There are around 23,000 full and part-time teachers in the country’s 3,300 primary schools but increased emphasis on special needs education and efforts to reduce class sizes have compounded shortages.
“The current shortage may put a brake on the recommendations of a review body to extend the primary teacher education course to four years,” says the report, written by Professor John Coolahan of National University of Ireland, Maynooth.
It also refers to the imbalance in the nature of recruitment between men and women candidates, with nine women entering the profession for every man.
“Research indicates that complex causes are involved here, but it would seem that the image of primary teaching is one of involving ‘women’s work’. The very long 25-year incremental salary scale is also regarded by some commentators as inimical to the image, particularly for males,” the report says.
The Irish National Teachers Organisation welcomed the establishment of the working group by the Department of Education as women outnumber men by almost four-to-one in schools but trends in education colleges indicate the situation is going to get far worse.
“This could have implications in schools for how pupils perceive the role of the teacher. There is a strong need for more men on the teaching staff in order to provide positive male role models, we really want the staff mix to reflect society as a whole,” said INTO general secretary John Carr.
Mr Carr also called on the Department of Education to examine the length of the salary scale, which is common to primary and second-level teachers.
However, reports from an online primary teacher training college set to take in hundreds of entrants next month are encouraging.
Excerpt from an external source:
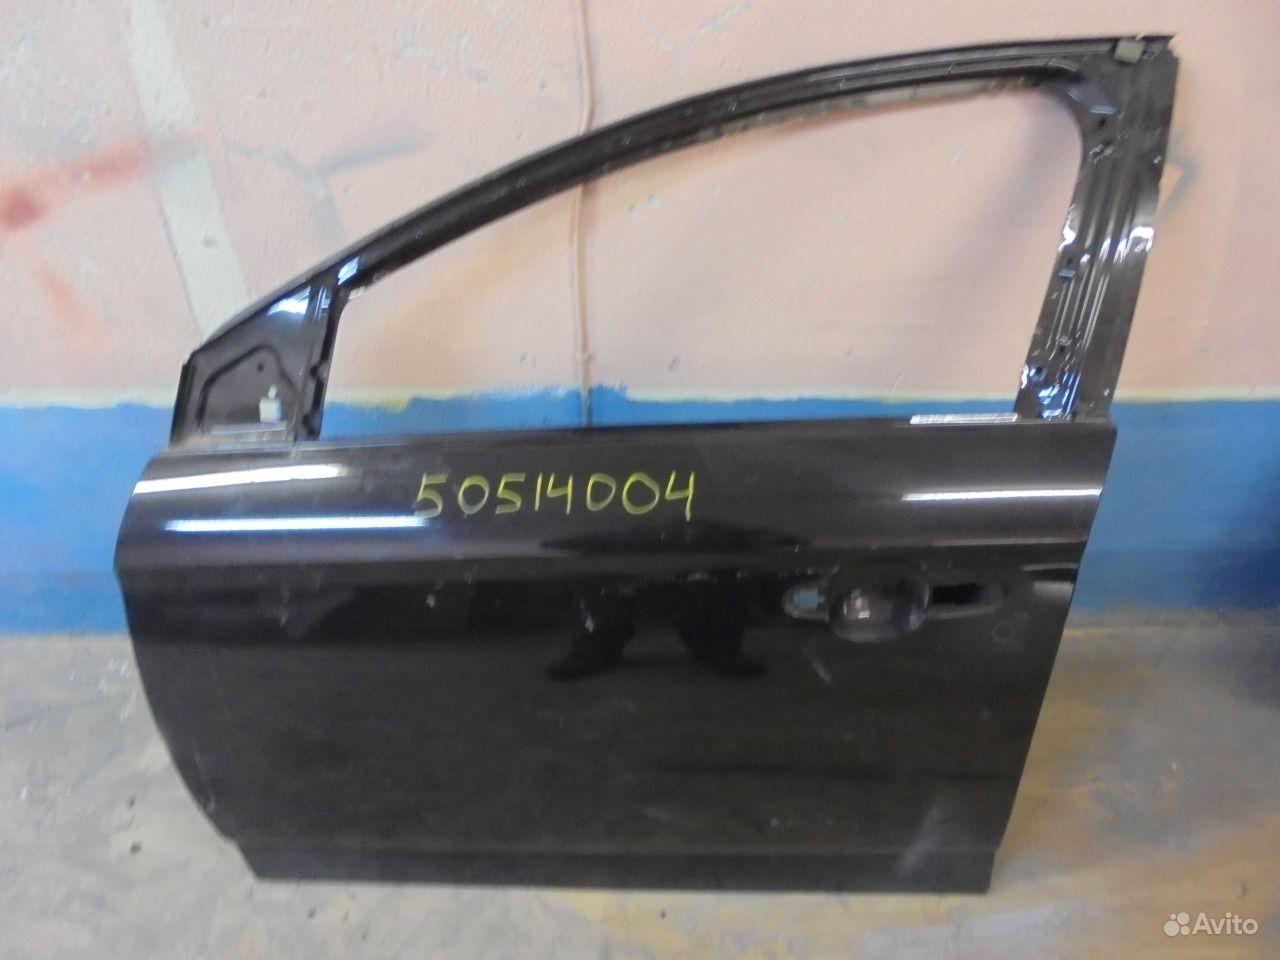 Юбка переднего бампера ford mondeo 3 29 фотография

Hibernia College received approval from Mr Dempsey last month to set up the modular course, which will ease pressure on the overcrowded colleges of education.
“The applicants are mostly women, but there is a broad mix of people who are already teaching but do not have a primary qualification and others working in other disciplines who always considered teaching as a career,” said a college spokesperson.
The Government has made almost 2,000 places available on postgraduate primary teaching courses at the country’s colleges of education in the last five years. However, no decision has been made yet whether to approve extra places for these courses next year.